Application of exhaustive scans is not limited to association testing and could be useful in further applications, in particular for studying methylation and evolutionary selection. In fact, our preliminary results show that the exhaustive scan is feasible for the study of selection when used with SFS-based tests such as Tajima’s D (data not shown). This is due to the fact that the computational complexity of SFS-based tests is independent from the number of individuals in the study, since only allele count data is required. As a consequence, the quadratic space of all contingent regions can be computed by brute force, even for very large data sets. Moreover, modern, efficient coalescent simulators such as msprime [31] and fastsimcoal2 [32] can be used to simulate the null model under neutral evolution under realistic demographic histories [33], which can be used for FWER-controlled p values.

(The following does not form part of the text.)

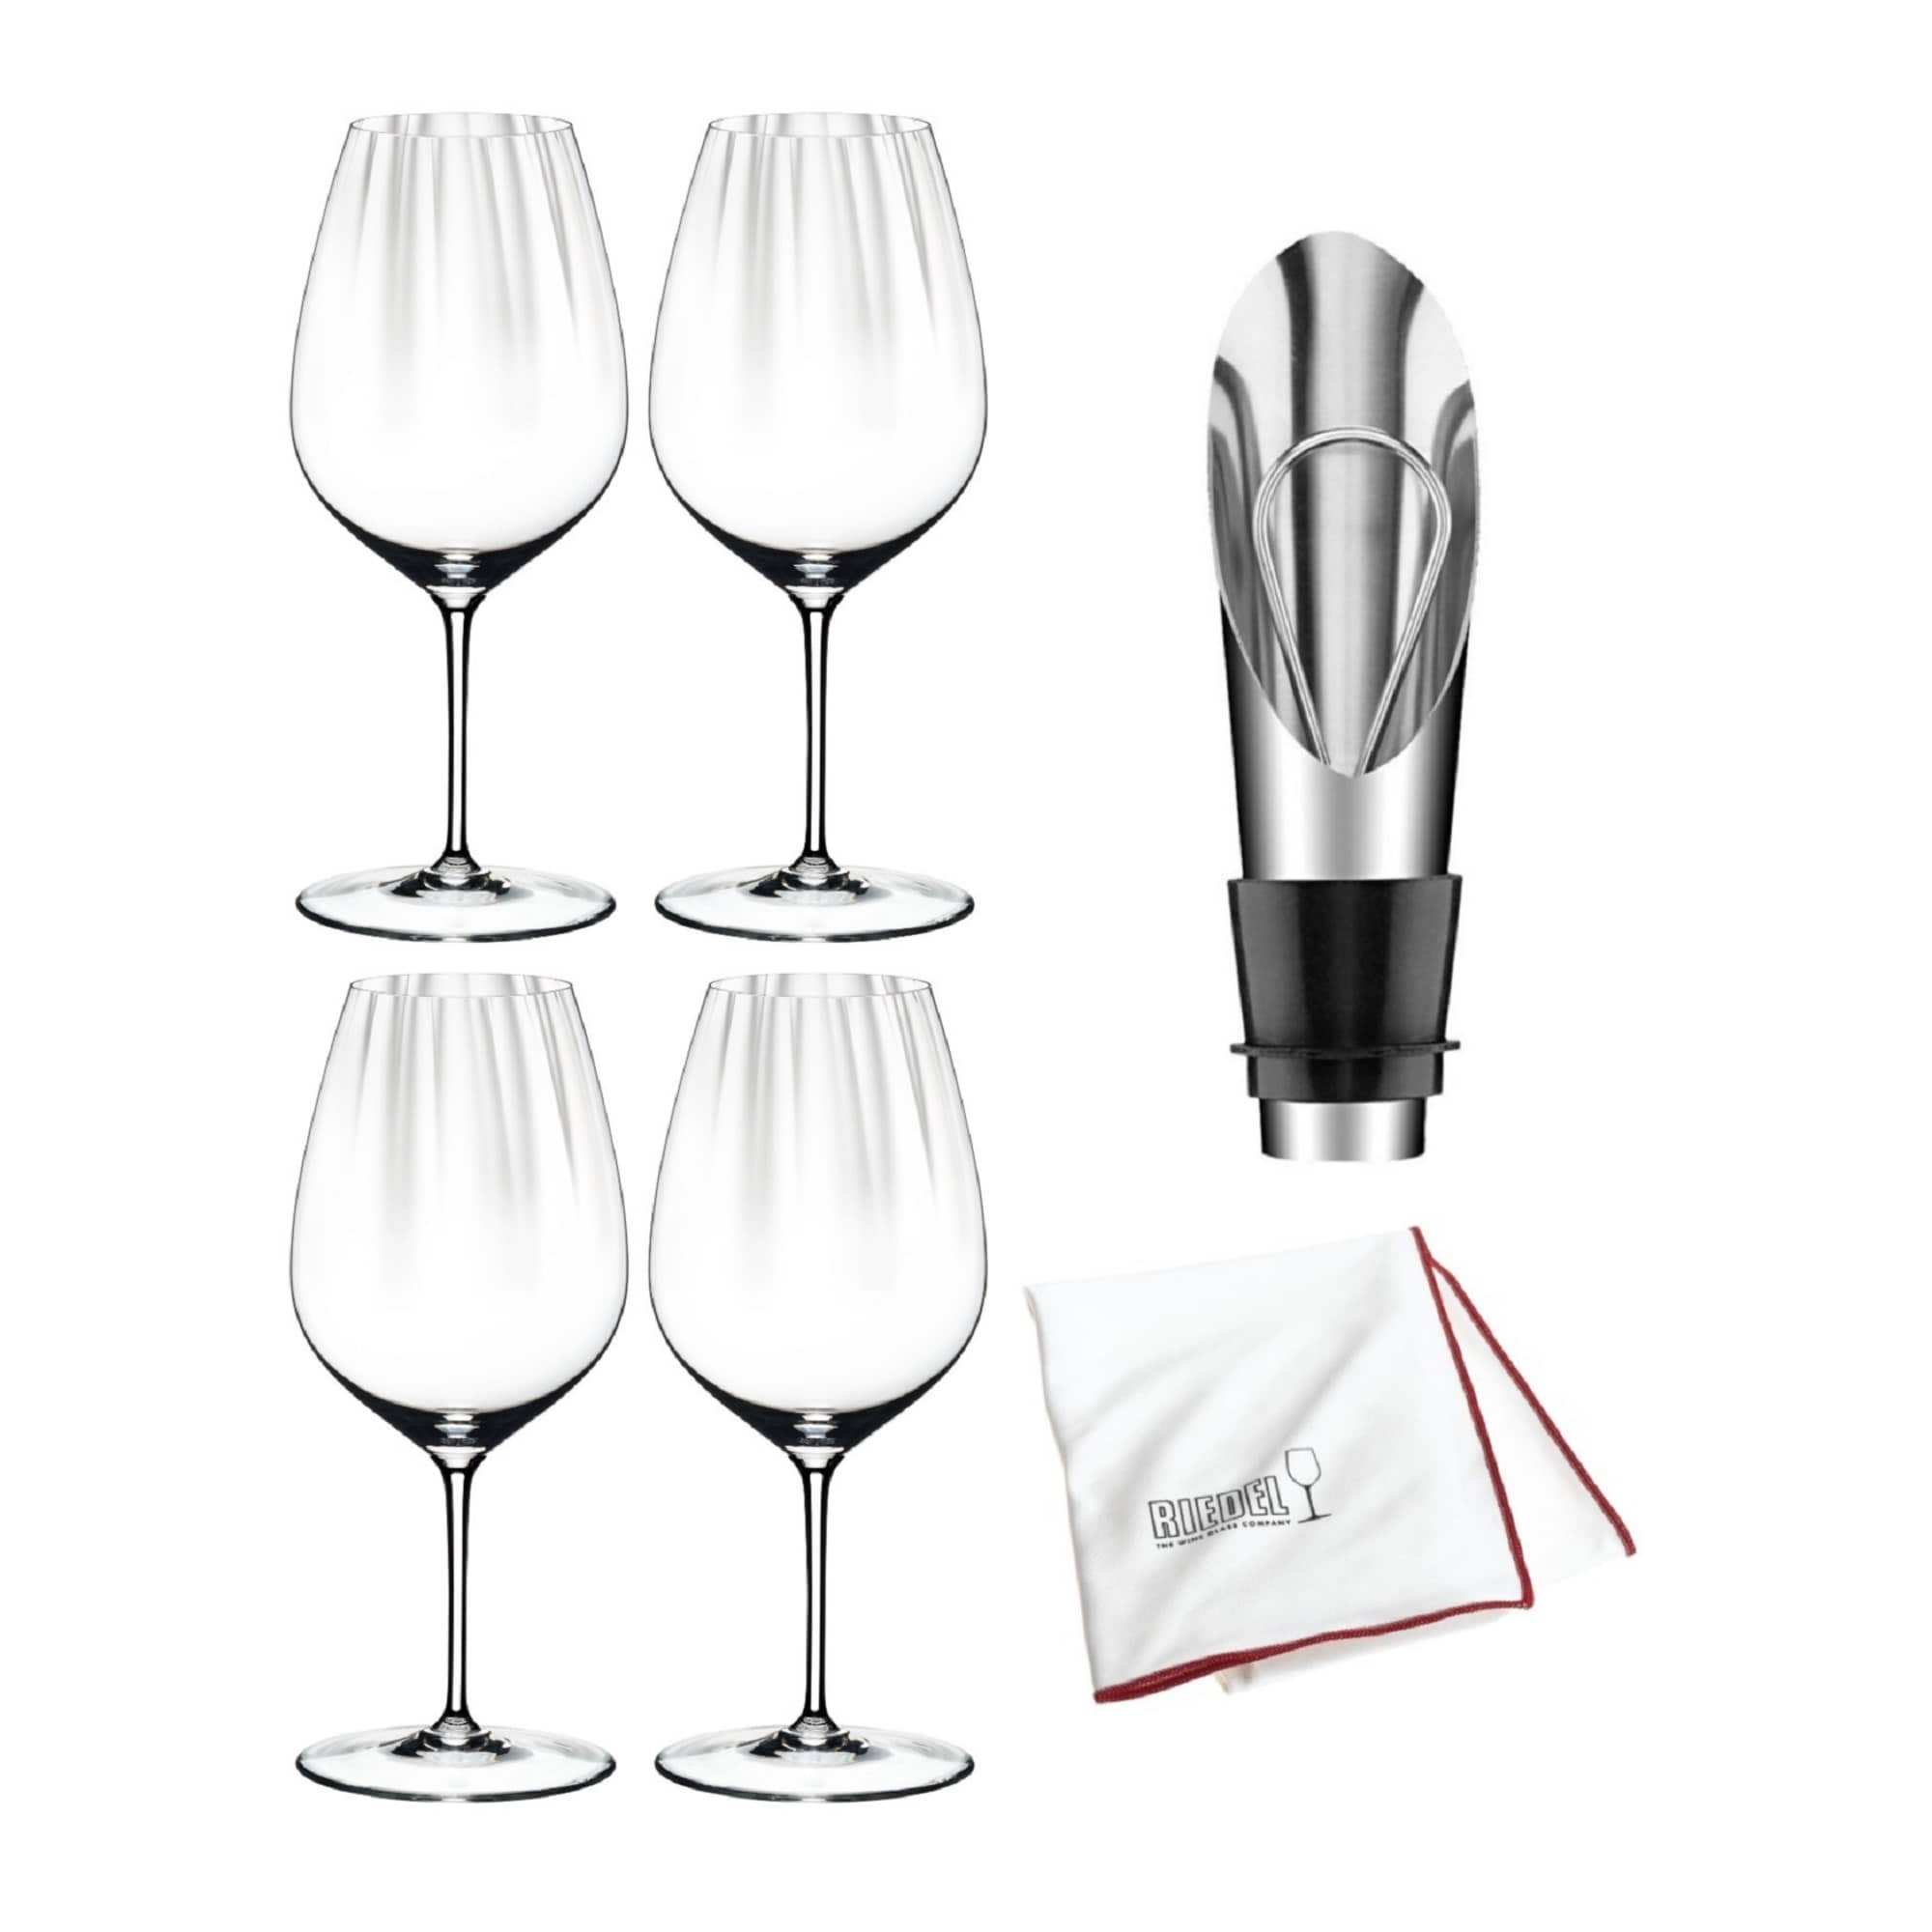 https://ak1.ostkcdn.com/images/products/is/images/direct/96728ee92f10ee2c91d0631e2f5335d480189588/Riedel-Performance-Wine-Glass-%28Cabernet%2C-4-Pk%29-with-Wine-Pourer-Bundle.jpg

In summary, we developed a method that allows for an exhaustive scan of all possible contiguous genomic regions with the collapsing test and eliminates the choice of candidate bins. Instead, the space of all possible bins is tested. This eliminates binning as a source of type II error and is expected to improve power. Furthermore, the speed-up by several orders of magnitude allows for computation of nonconservative genome-wide significance thresholds by permutation, leading to improved power when compared with conservative correction methods such as Bonferroni’s. We show that GECS indeed improves statistical power in both simulated and empirical data sets.